Где-то на этаже скрипнула дверь. Маша не подняла голову – наверное, уборщик или охранник. Но шаги, мягкие и размеренные, приближались именно к её кабинету.
– Вы всегда работаете в темноте?
Она вздрогнула. Голос Мин Хо звучал непривычно тихо, без привычной ледяной остроты. В дверном проёме он стоял с термосом в руках, одетый не в костюм, а в простую чёрную водолазку. Без галстука, с растрёпанными волосами, он казался чужаком в собственном офисе.
– Что вам нужно? – спросила Маша, пытаясь скрыть дрожь в голосе.
– В Корее, – он вошёл, не дожидаясь приглашения, – лечатся едой. А не гневом.
Он поставил термос на стол, открутил крышку. Пар, ароматный и густой, поднялся к потолку, унося с собой запах куриного бульона, имбиря, чеснока. Самгетан. Маша невольно сглотнула слюну – последний раз она ела сегодня утром, да и то украдкой, кусок тоста с кофе.
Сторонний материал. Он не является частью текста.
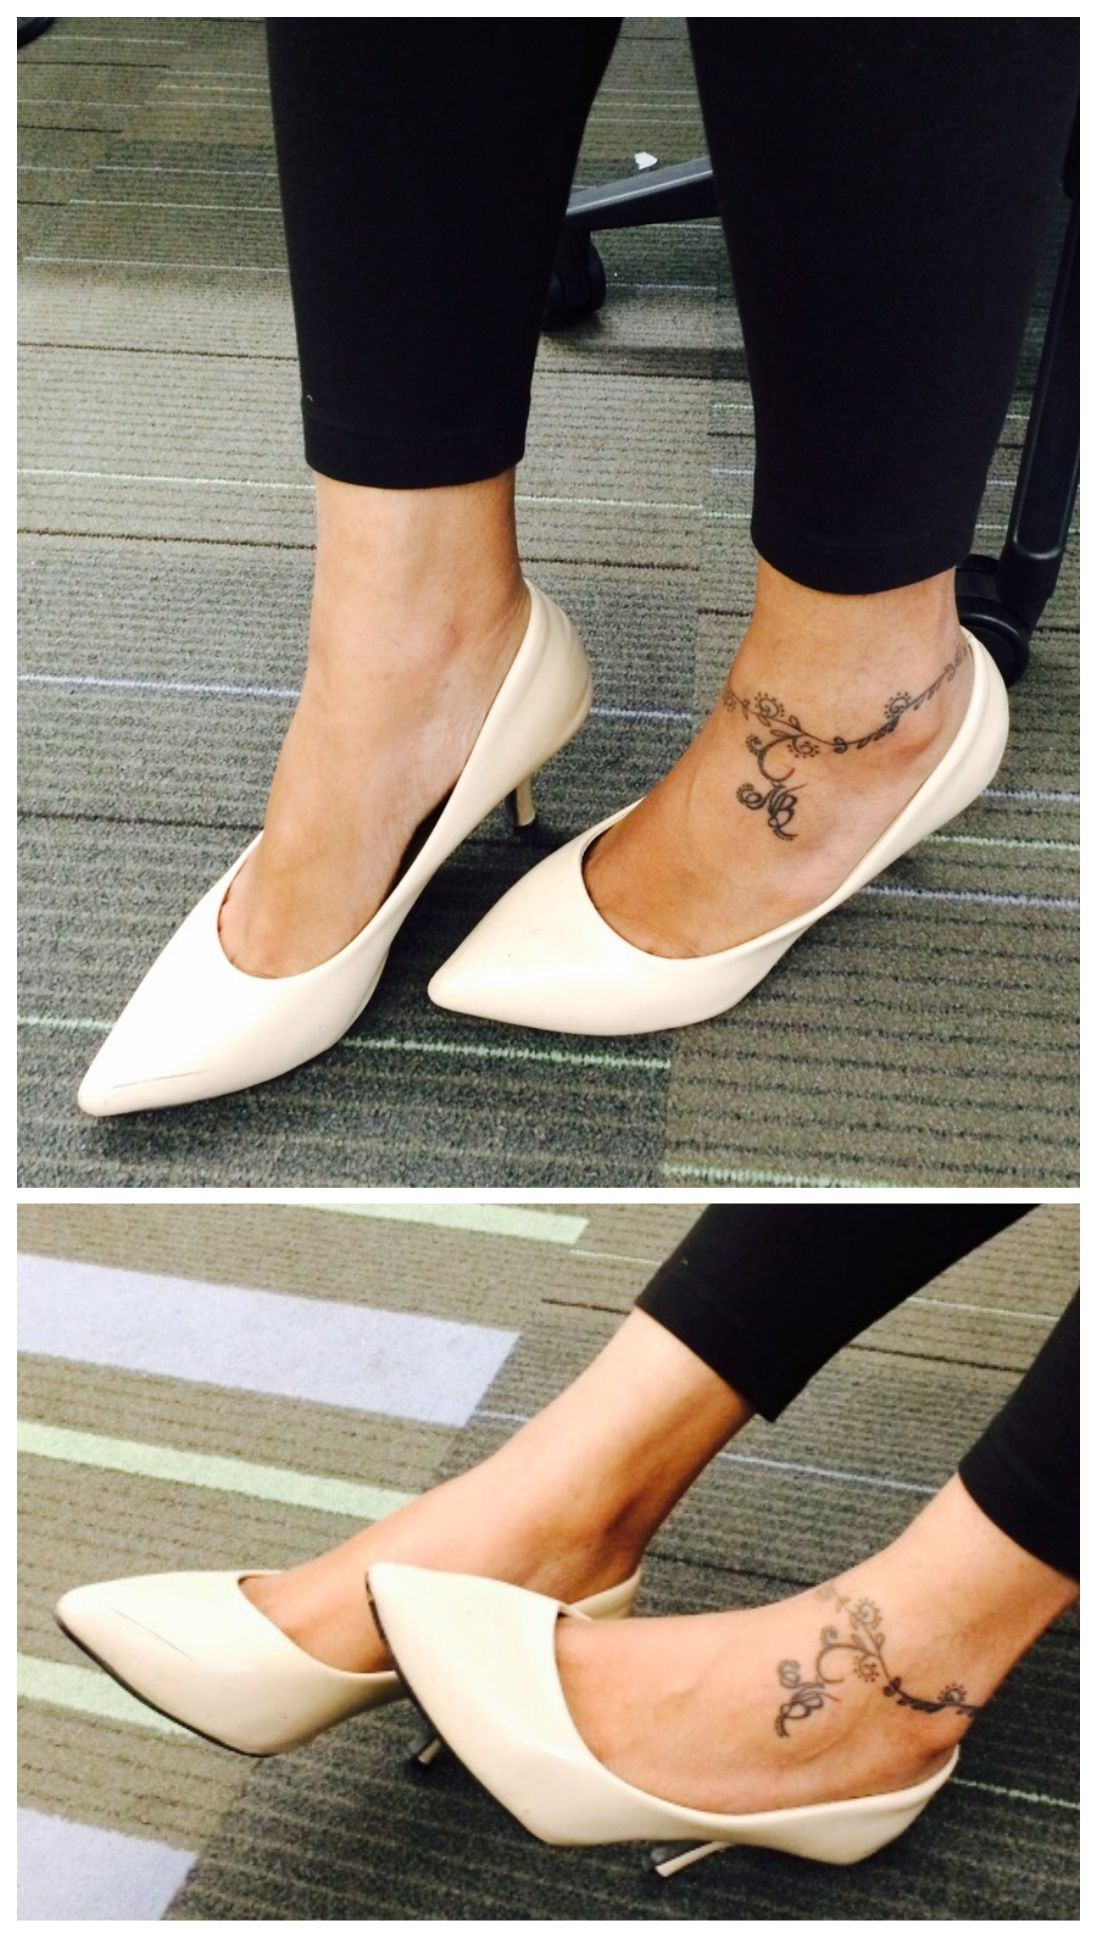 Deepika Padukone Inspired Foot Tattoo With Nb Initials Random throughout dimensions 1097 X 1938

– Я не голодна, – солгала она, но желудок предательски заурчал.
Мин Хо достал из сумки лакированную пиалу и деревянные палочки. Звук, с которым он наливал суп, напомнил ей детство: мама на кухне, зимний вечер, пар от борща на столе.
– Вам необязательно говорить, – он поставил пиалу перед ней. – Просто ешьте.
Она взяла палочки, но пальцы дрожали. Первый глоток обжёг губы, но боль была приятной, живой. Бульон растёкся теплом по груди, смывая комок неудач. Маша зажмурилась, вдруг осознав, как сильно ей не хватало этого простого жеста – кто-то накормил, не требуя ничего взамен.
– Почему? – спросила она, не открывая глаз.
– Потому что сегодня я понял: вы боретесь не с компанией, – он сел напротив, его тень слилась с её тенью на стене. – Вы боретесь с собой. И это… изматывает.
Она подняла глаза. В свете настольной лампы его лицо казалось мягче – морщинки у глаз, лёгкая щетина, шрам на руке, который она теперь замечала каждый раз.
– Вы ненавидите меня? – вырвалось у неё.
Он замер, держа в руках свою пиалу. Потом неожиданно улыбнулся. Не насмешливо, не вежливо – по-настоящему. Улыбка преобразила его, будто луч солнца пробился сквозь шторм.
– Ненависть – это роскошь, которую я не могу себе позволить.
Они ели молча. Маша ловила кусочки курицы, мягкие от долгой варки с каштанами и женьшенем. Внезапно он протянул ей бумажную салфетку:
– У вас… – он указал на уголок рта.
Она смутилась, вытирая губы, но он рассмеялся – низко, грудным смехом, от которого дрогнула лампа.
– В Дубае вас не учили есть палочками?
– В Дубае меня учили не доверять тем, кто приносит суп после скандала, – парировала она, но без злости.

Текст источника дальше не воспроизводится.